Sunday, June 17, 2012

Father's Day Post

So. Okay.
I've been trying to think about what to write on this blog for a while.
You ever get these IDEAS?
Like, you wake up one morning and think, "Maybe I'll write a story about cats conquering the world," or, "I think I want to paint something that has a ribcage in it," or...something like that? But-here's the thing-you don't know how to GET THERE.

About a week ago, I saw a commercial. You've probably seen one similar. A guy's fixing his car, and is having his daughter hand him wrenches, and she hands him one with a bow on it--BOOM--Father's Day commercial.

And I thought, "I want to write something for Father's Day."

Which is stupid, I thought immediately after.

Without getting into horrible, gory, detail, because honestly, most of you know the story, I haven't talked to my Father in a long time. About a year or so.

It took a long time for me to realize this, but my chance at having a father ended a long time ago. My Stepdad was a better, more loving, and even more supportive father than my real one ever was to me.
I'm not saying that my dad was always this horrible person. It's a sad situation, and I've removed myself from it because it was sucking me in to the point of me being seriously afraid of causing myself harm.

But he was there.
If we needed money, he gave it to us without hesitation. When my Mom was sick with cancer, he brought us food. When my Step-Dad died, he went to the funeral that I could not find the strength to go to myself.

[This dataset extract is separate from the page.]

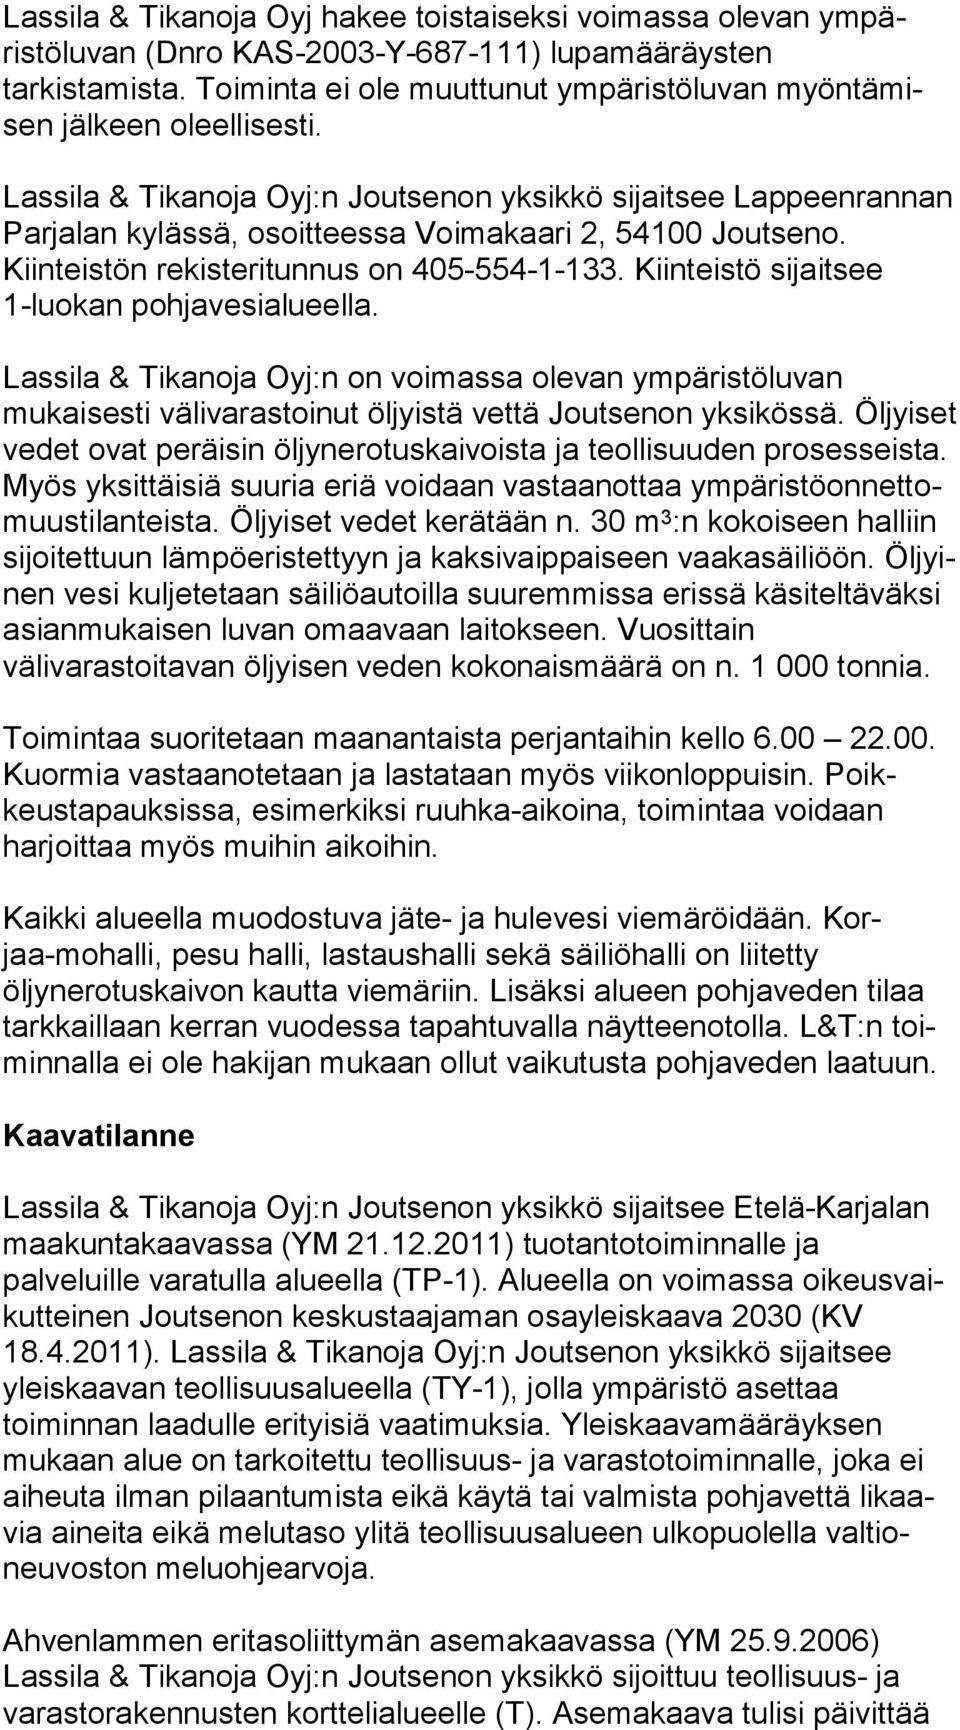 Lassila & Tikanoja Oyj:n Joutsenon yksikkö sijaitsee Lap peen ran nan Parjalan ky läs sä, osoitteessa Voimakaari 2, 54100 Joutseno. Kiinteistön re kis te ri tun nus on 405-554-1-133.

It's hard to explain unless you've lived it.
He's tried as best as he can. But he has always put something else ahead of his children and people he loves.
Alcohol.

And most of you who are reading this know it, so I won't bog down anyone with the depressing details.
You get the idea.

So, anyway, every year, when Father's Day rolls around, I always expect to not care. I see the cheesy commercials and laugh. I ignore the advertizements in magazines and junk.
But sure enough, that day is there, slamming me in the face, and I get kind of sad.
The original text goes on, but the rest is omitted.